Since I was little I wanted to create a super-plant that would grow faster than any other plants. How this would solve problems, I thought. But now I realise that for a plant to grow fast, it must be supplied with all its vital nutrients. Even if we could one day engineer that super-plant, it may be limited by the resources available for it to grow quickly. And even if it does grow quickly, it does not guarantee that it will produce viable seeds. When we think about sustainable agriculture, we are not thinking of just now this moment, but about future of the plants that are grown and the seeds that are harvested from them. It’s the plants that take the step forward, but the technology and our farming practices must evolve too.
“The question is not to ask how will plants grow in outer space, but ask how can we ensure plants will grow in space like we expect them to?”
Space does not only represent that giant, infinitely expanding bubble that surrounds us, but also all the unknowns of whether life could exist outside our planet. For some of us, space exploration helps answer that question and equally assesses whether we could one day inhabit other planets. I imagine it as living in a small, bedroom size, spherical capsule with a super computer, a few mechanically powered appliances and an exercise machine, like a treadmill, that does not only keep our bodies fit, but can generate electricity to power our devices. To power cities, there would be ways to harness the natural resources on that planet, much like wind turbines.
For these technologies to be built and maintained, humans living in these conditions must be well fed and healthy. And yes, with science, we can make great things like lab-grown foods, but there’s one major aspect of being human that we must not leave behind by moving to another planet. And that is that we evolved as we are today because of an ability in our ancestors to grow crops. And we must not forget the importance of plants. In part, they generate the food that we depend on as a population, but they also generate the oxygen that we breathe. Fully replacing plants with technology and science is not the answer to establishing a human presence on other planets. It might be a way to sustain us after the initial introduction, but we must learn to build that community the same way we built those on earth. In this regard, the question is not to ask how will plants grow in outer space, but ask how can we ensure plants will grow in space like we expect them to?
“When we all move to Mars, everyone will be a farmer”.

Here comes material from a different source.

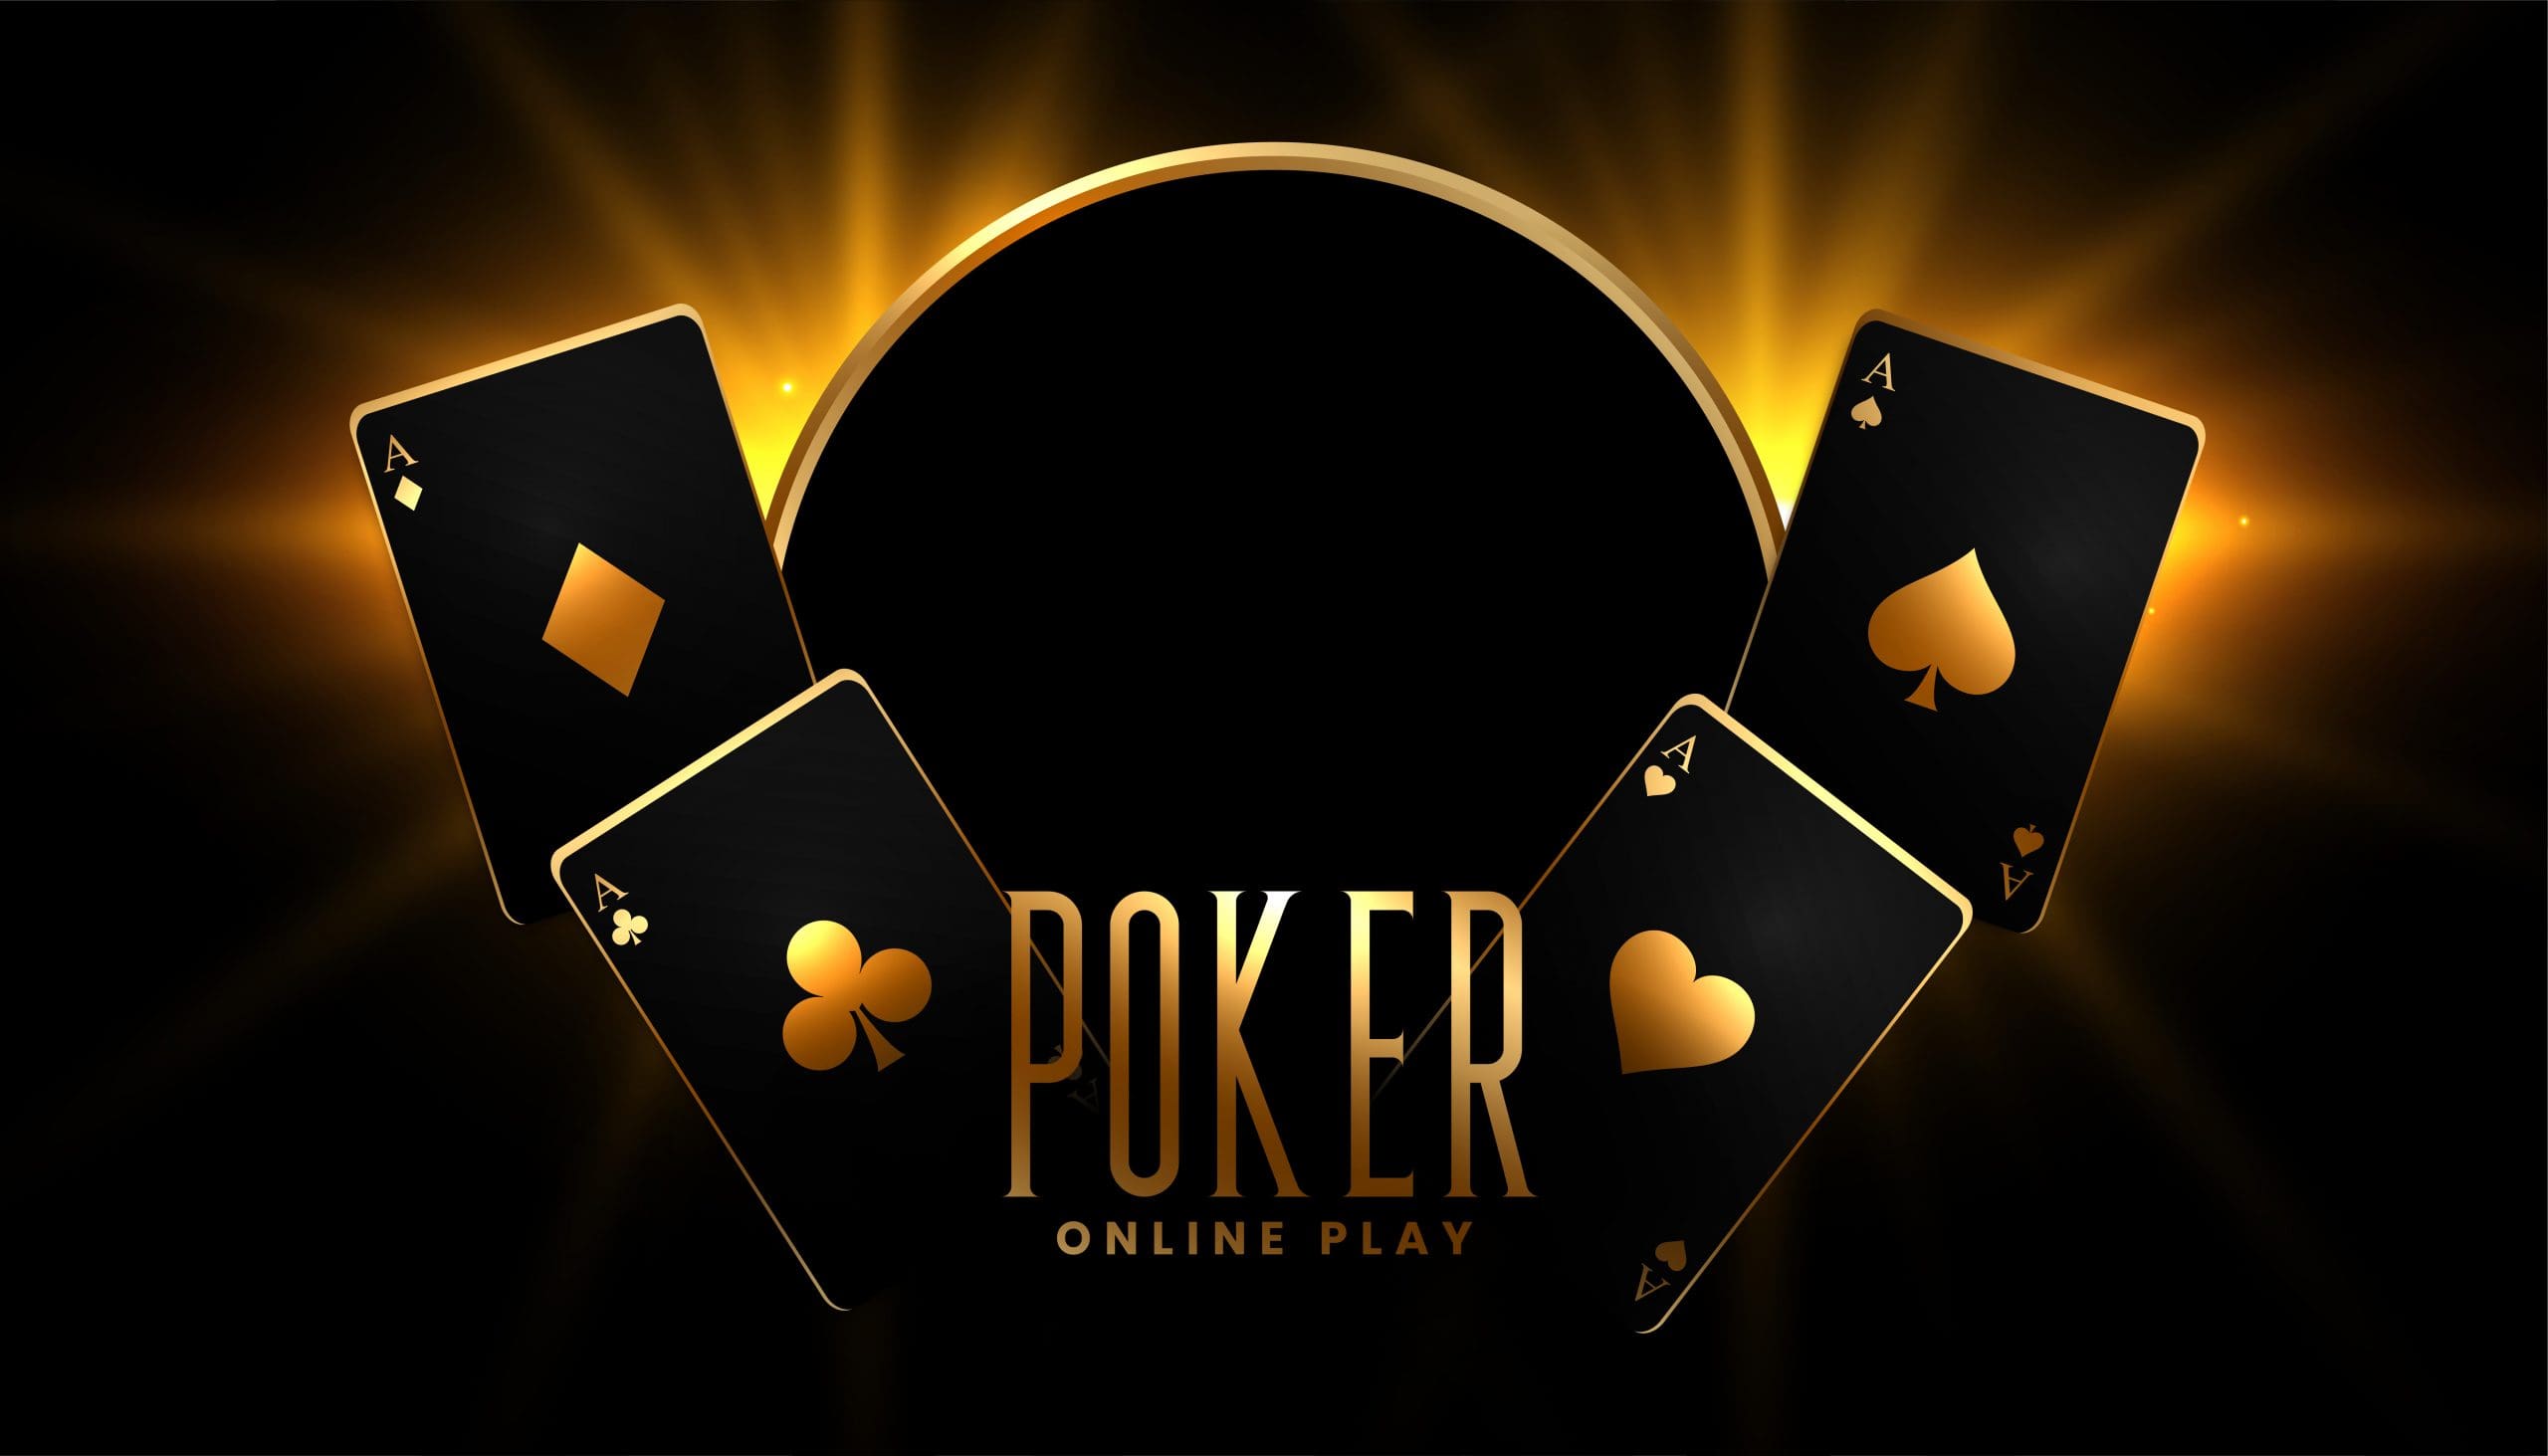 Покер: главные понятия и термины

As for the trained few that will populate such planets, I think it will be possible for them to adapt. For everyone else, it will take several generations to fully reprogram the human body and its requirements for surviving in such conditions, and while I don’t doubt the capabilities of the human, success might be in the hundreds (of candidates) within the next 100 years. What we need are technologies that facilitate the transition into other planets, not for individuals, but populations.
At Seanasol, we offer long term agricultural solutions for investing in space exploration and expansion. We aim to develop self-sustaining farming technologies that will enable the production of crops on other planets using less land area and natural resources. But we don’t stop there; we bring innovation to the infrastructure of farming with solutions designed with ease of transport in mind. This means that sending our materials to space would be more cost-efficient and other materials or fuel can be loaded on rocket modules instead. One day there may be large controlled environment farms in space, but individuals could also have their own gardens and grow their own crops. Yes, when we all move to Mars, everyone will be a farmer. We must simply remember that with limited space and resources, it will be a great challenge to allocate their use effectively.
The Roots of Seanasol
Seanasol is derived from “sēaną” the Proto-Germanic word for “sow”. This also is an acronym for scientific, engineering and agricultural. The word “sol” is short for “solutions” and creates some imagery, because “sol” translates to “sun” in Spanish. I wanted to bring that concept of light into the name, because that is what drives photosynthesis in plants and again ties in with our venture into agricultural sustainability. Out of mere coincidence, by re-organising the words in “seanasol” we can create “seasonal”, which further represents our commitment to the environment.